WHAT TO WORK ON:
Excluding images, repeat the data exactly as given.

SOURCE DATA:
◆ ◆ ◆ ◆ ◆ ◆ ◆

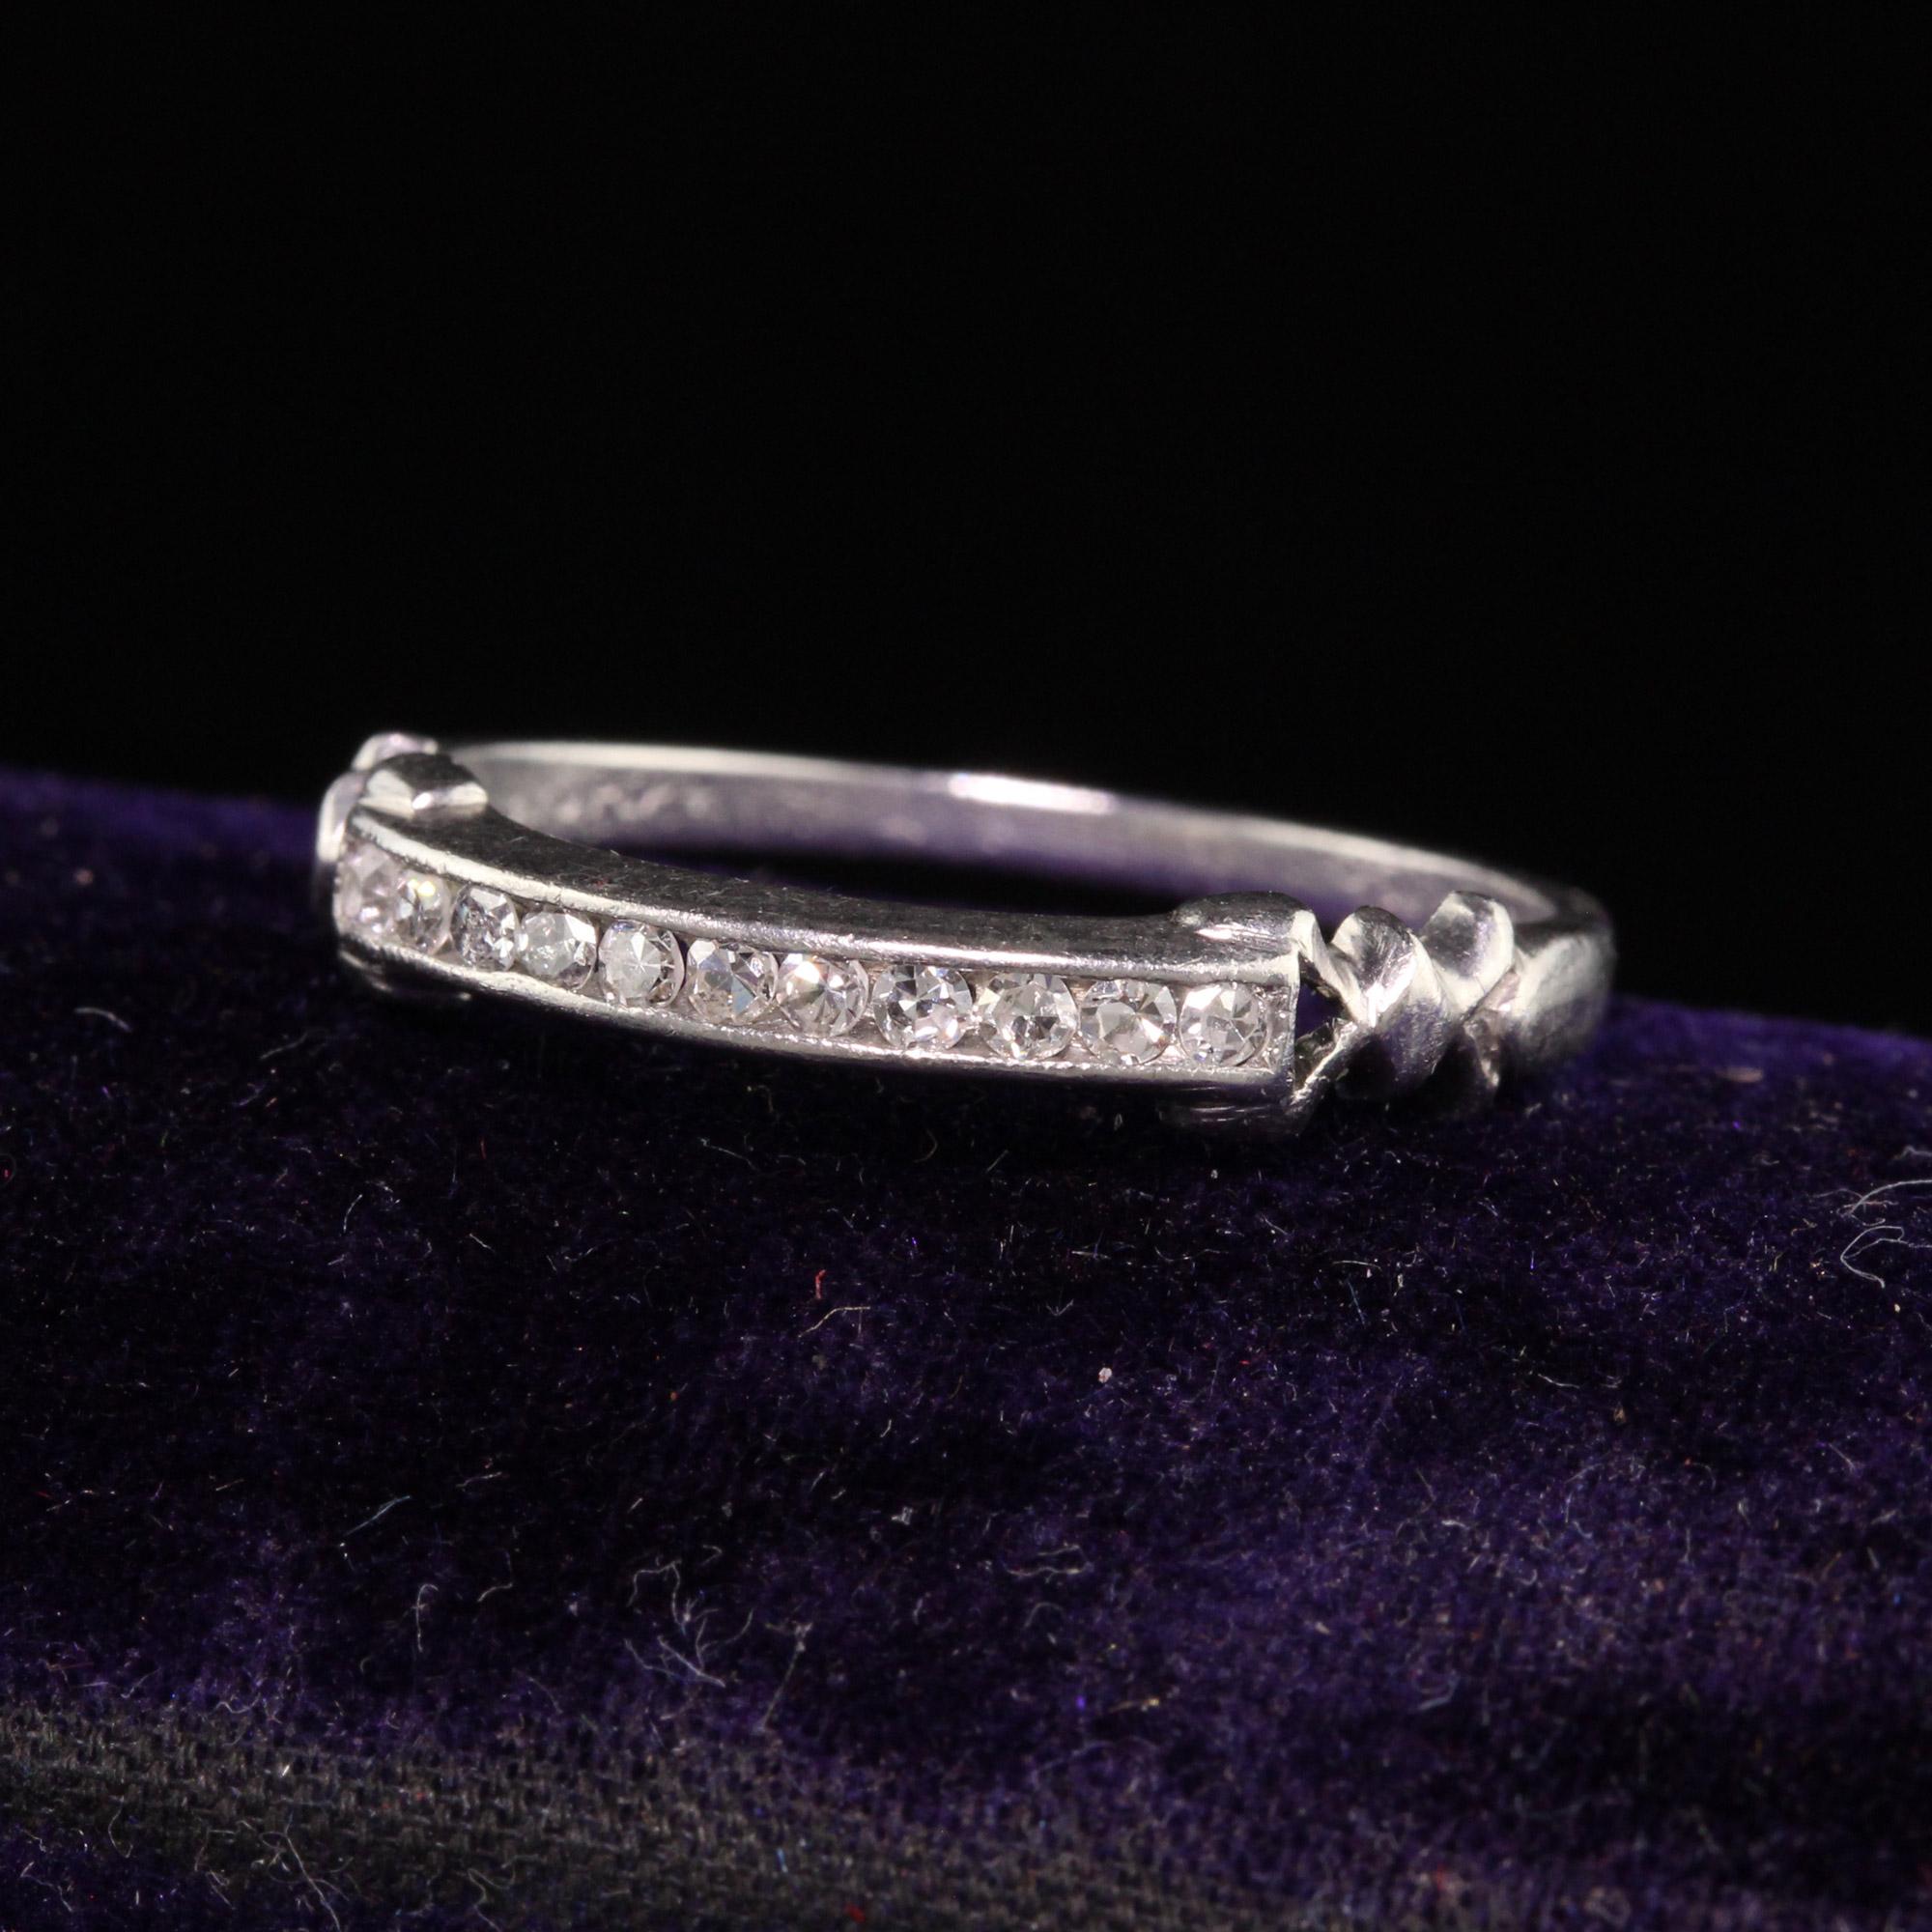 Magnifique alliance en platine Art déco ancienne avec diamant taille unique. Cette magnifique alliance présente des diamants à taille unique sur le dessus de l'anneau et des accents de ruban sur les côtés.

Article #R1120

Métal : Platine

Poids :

◆ ◆ ◆ ◆ ◆ ◆ ◆

YOUR RESPONSE:
 Magnifique alliance en platine Art déco ancienne avec diamant taille unique. Cette magnifique alliance présente des diamants à taille unique sur le dessus de l'anneau et des accents de ruban sur les côtés.

Article #R1120

Métal : Platine

Poids :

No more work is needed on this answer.